Your use of a consultant does not relieve your firm’s obligation to comply with CGMP. Your firm’s executive management remains responsible for resolving all deficiencies and systemic flaws to ensure ongoing CGMP compliance.
Conclusion
The violations cited in this letter are not intended to be an all-inclusive list of violations that exist at your facility. You are responsible for investigating and determining the causes of any violations and for preventing their recurrence or the occurrence of other violations.

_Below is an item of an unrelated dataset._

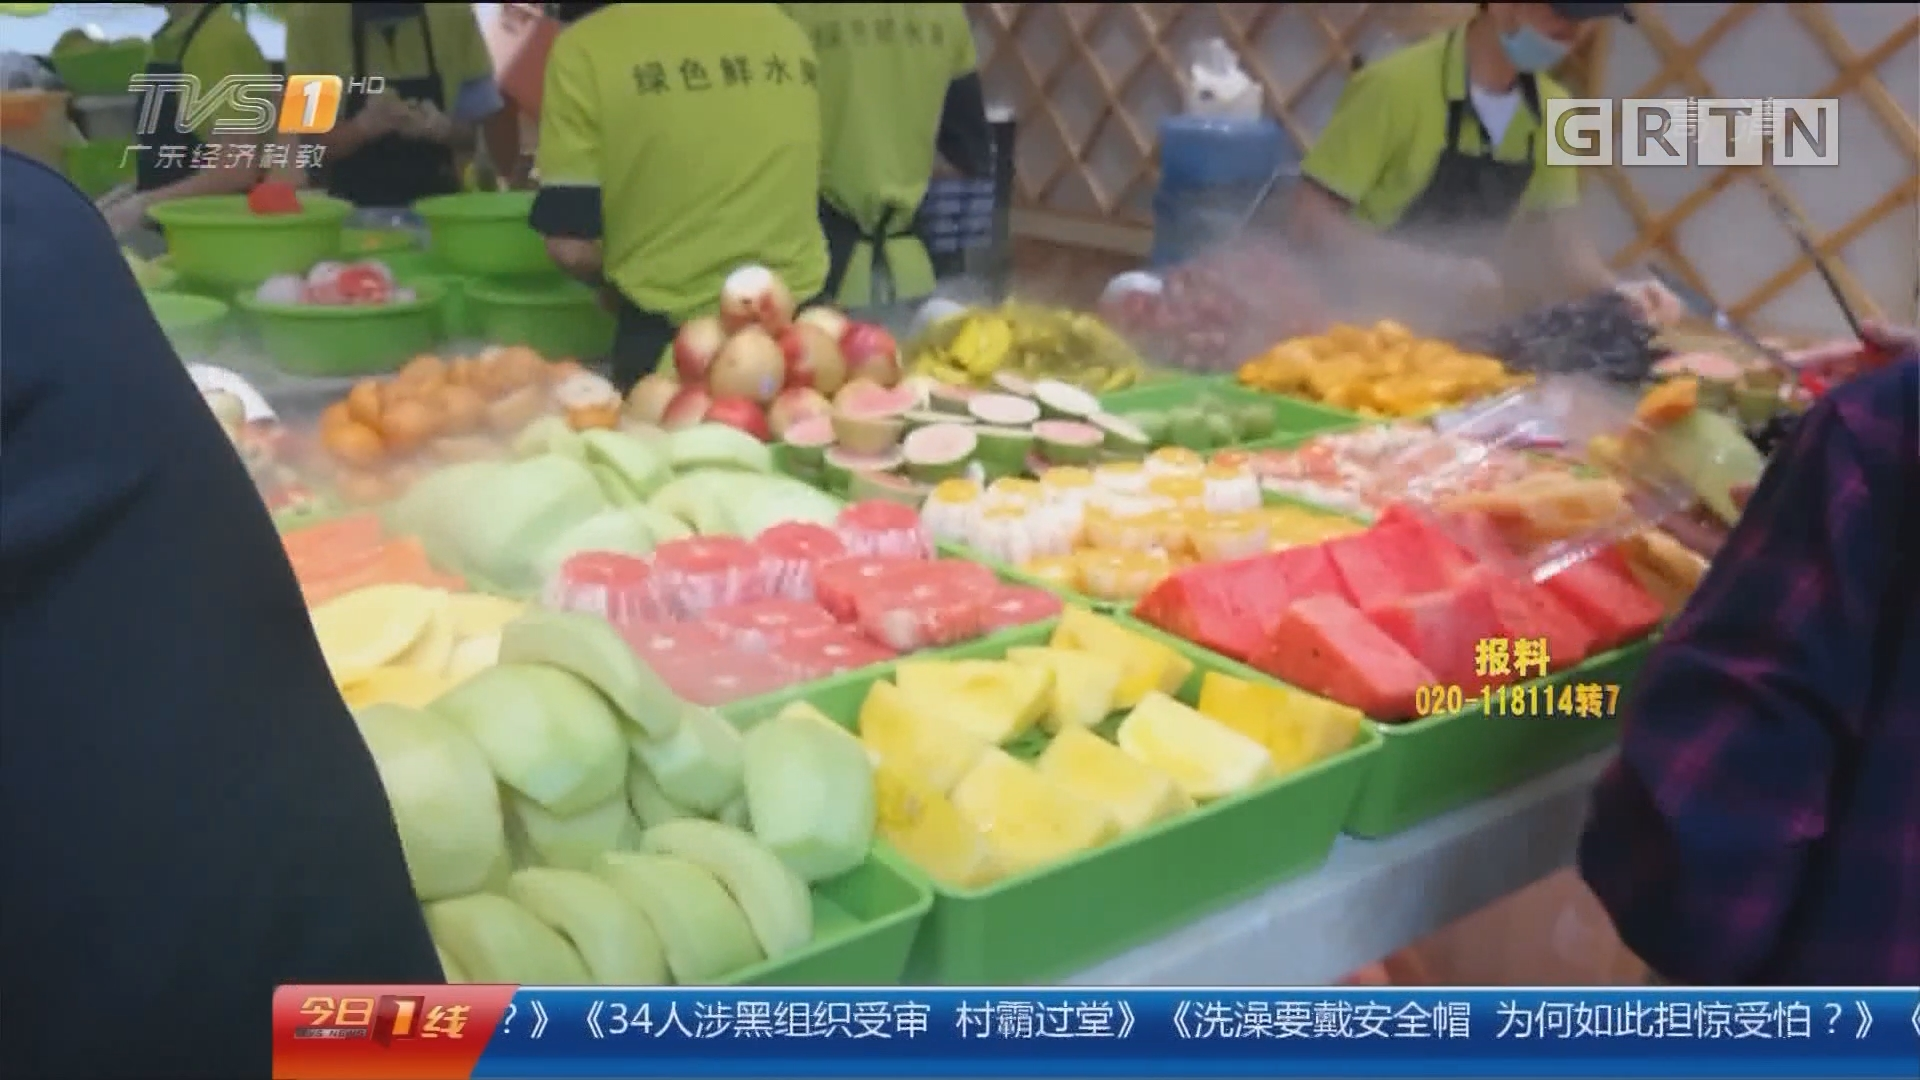 网红水果店:网红鲜切水果菌落爆表 你敢吃吗?

If you are considering an action that is likely to lead to a disruption in the supply of drugs produced at your facility, FDA requests that you contact CDER’s Drug Shortages Staff immediately, at drugshortages@fda.hhs.gov, so that FDA can work with you on the most effective way to bring your operations into compliance with the law. Contacting the Drug Shortages Staff also allows you to meet any obligations you may have to report discontinuances or interruptions in your drug manufacture under 21 U.S.C. 356C(b). This also allows FDA to consider, as soon as possible, what actions, if any, may be needed to avoid shortages and protect the health of patients who depend on your products.

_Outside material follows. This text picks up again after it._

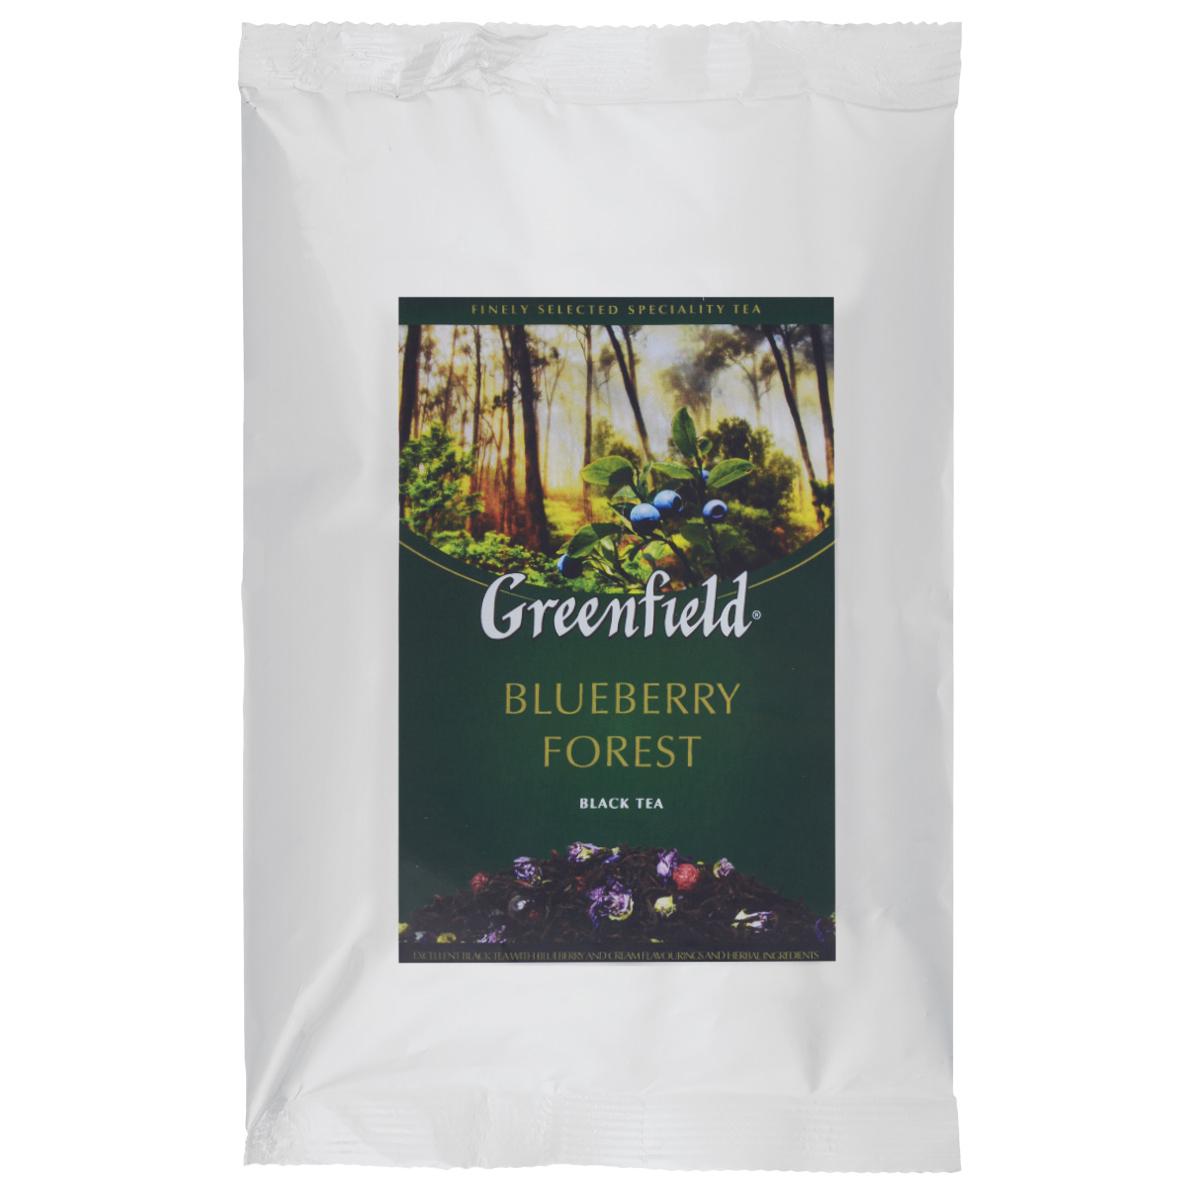 Greenfield Blueberry Forest черный листовой чай, 250 г0977-15Greenfield Blueberry Forest - цейлонский черный чай с ароматом черники, сливок, и растительными компонентами. Мягкий чуть пряный вкус превосходного цейлонского чая становится еще ярче и выразительнее благодаря самобытному «северному» вкусу и естественному свежему аромату ягод черники.

Correct any violations promptly. Failure to promptly and adequately address this matter may result in regulatory or legal action without further notice including, without limitation, seizure and injunction. Unresolved violations may also prevent other Federal agencies from awarding contracts.

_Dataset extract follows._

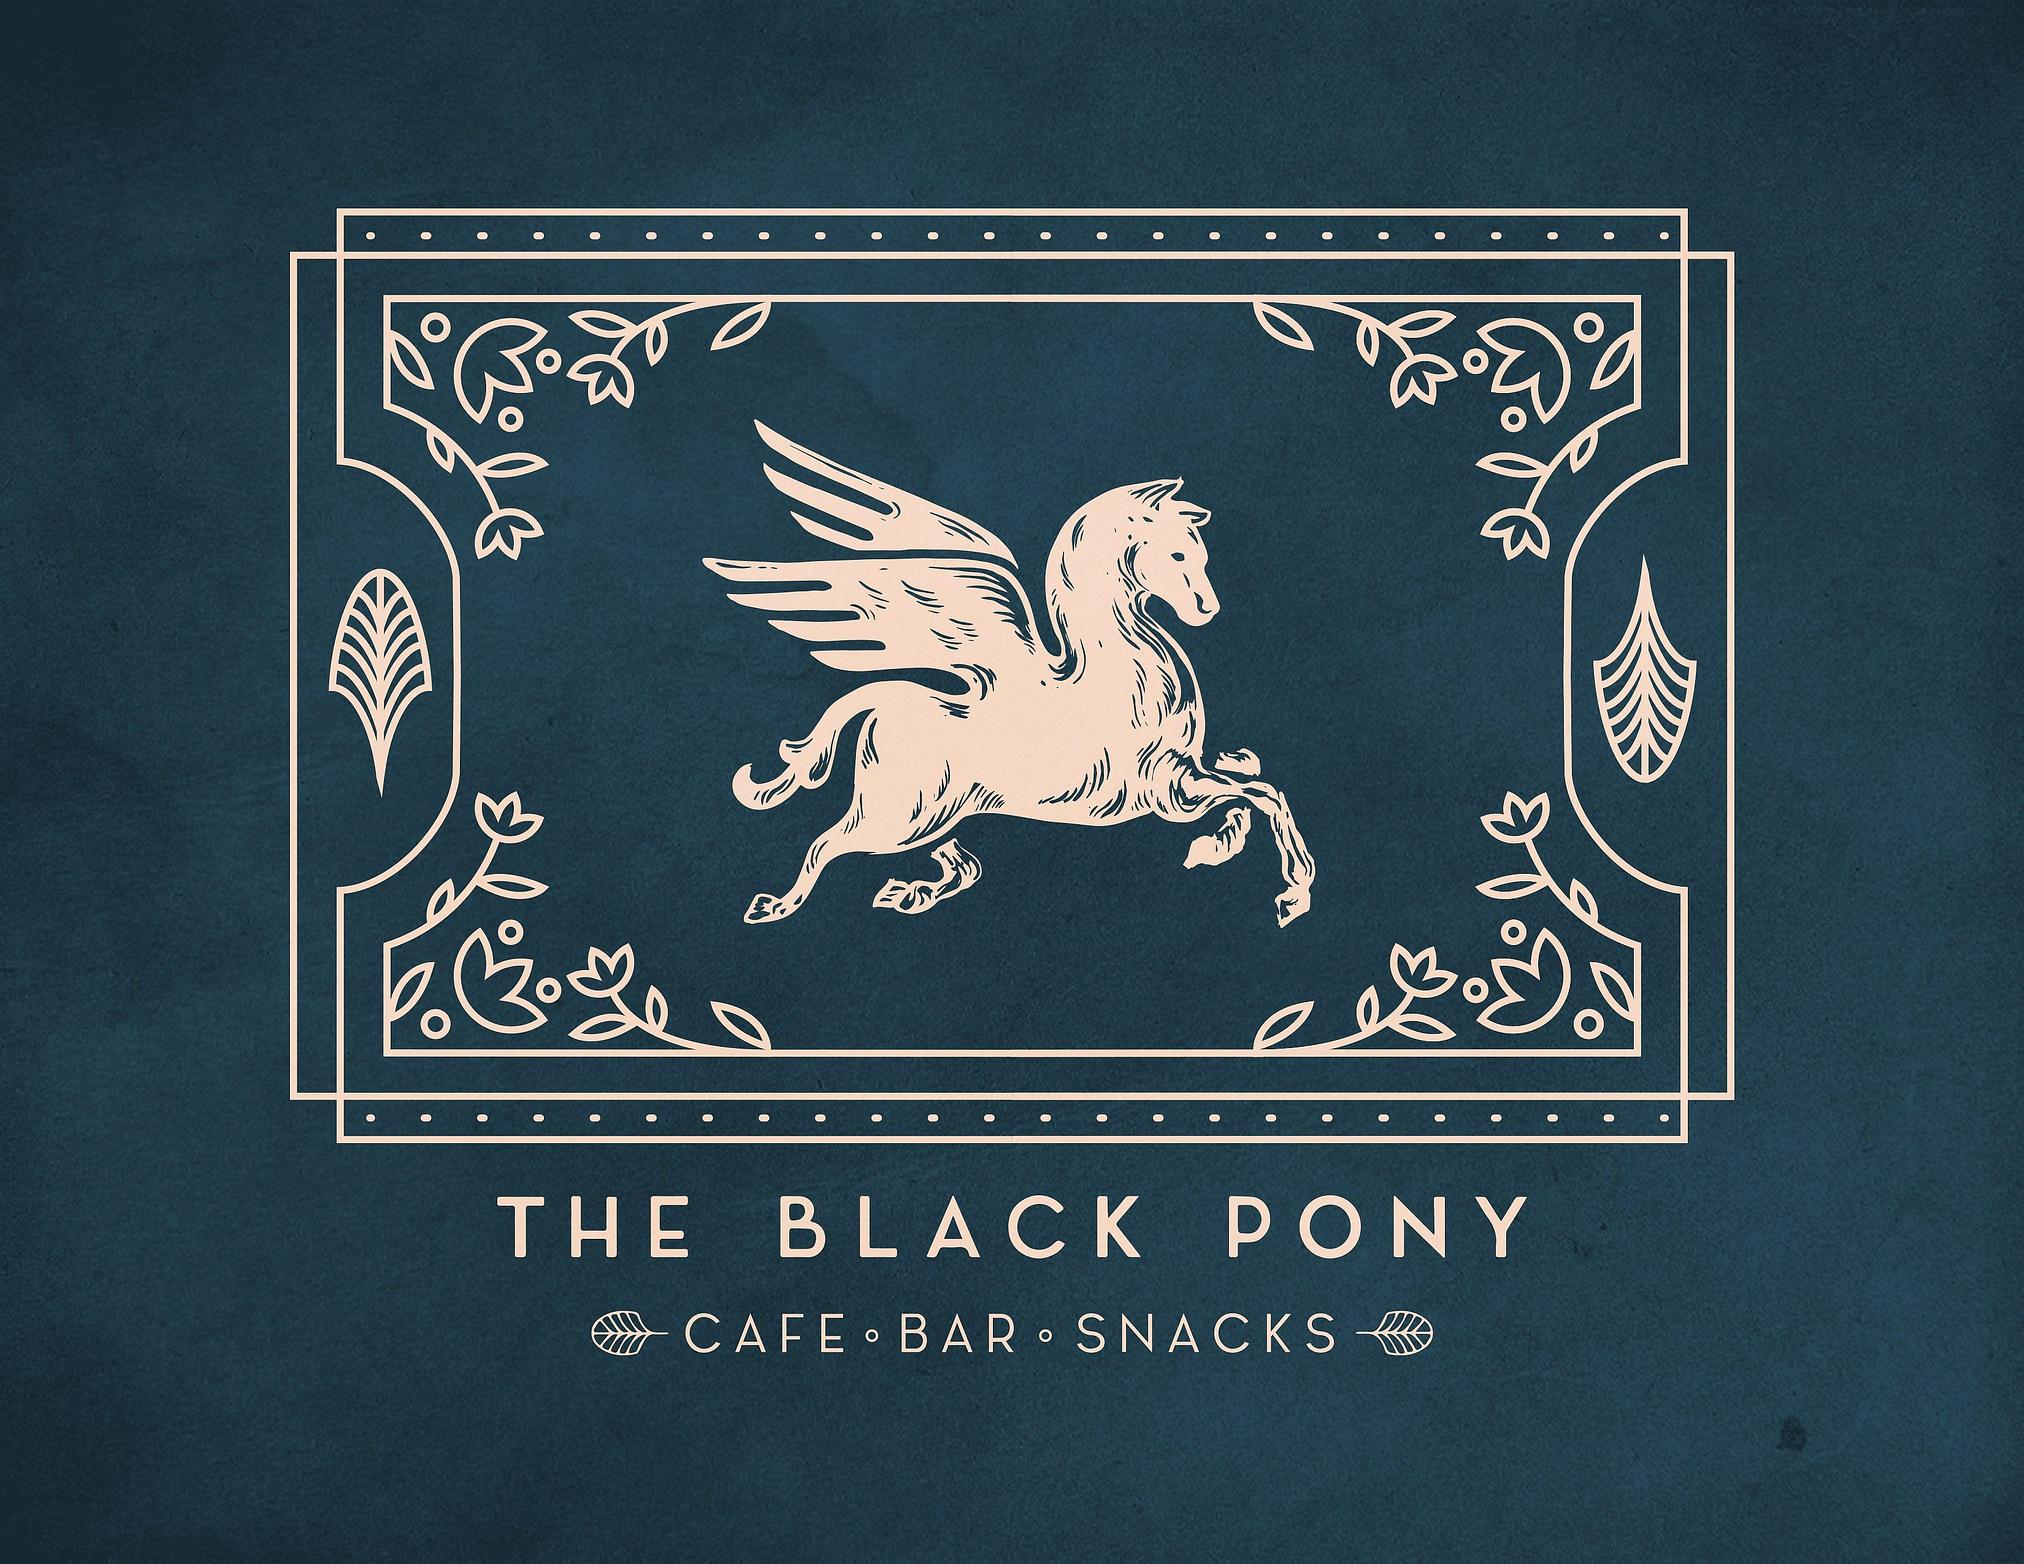 The Black Pony

Failure to address violations may also cause FDA to withhold issuance of export certificates. FDA may withhold approval of new applications or supplements listing your firm as a drug manufacturer until any violations are completely addressed and we confirm your compliance with CGMP. We may re-inspect to verify that you have completed corrective actions to address any violations.
This letter notifies you of our findings and provides you an opportunity to address the above deficiencies. After you receive this letter, respond to this office in writing within 15 working days.2 Specify what you have done to address any violations and to prevent their recurrence. In response to this letter, you may provide additional information for our consideration as we continue to assess your activities and practices. If you cannot complete corrective actions within 15 working days, state your reasons for delay and your schedule for completion.
Send your electronic reply to CDER-OC-OMQ-Communications@fda.hhs.gov. Identify your response with FEI 2016148 and ATTN: Emily Wu.
Sincerely,
/S/
Francis Godwin
Director
Office of Manufacturing Quality
Office of Compliance
Center for Drug Evaluation and Research
__________________________
1 i.e. Quality System, Facilities & Equipment System, Materials System, Production System, Packaging & Labeling System, and Laboratory Control System per FDA’s guidance document Quality Systems Approach to Pharmaceutical CGMP Regulations.
2 Under program enhancements for the Generic Drug User Fee Amendments (GDUFA) reauthorization for fiscal years (FYs) 2023-2027, also known as the GDUFA III Commitment Letter, your facility may be eligible for a Post-Warning Letter Meeting to obtain preliminary feedback from FDA on the adequacy and completeness of your corrective action plans.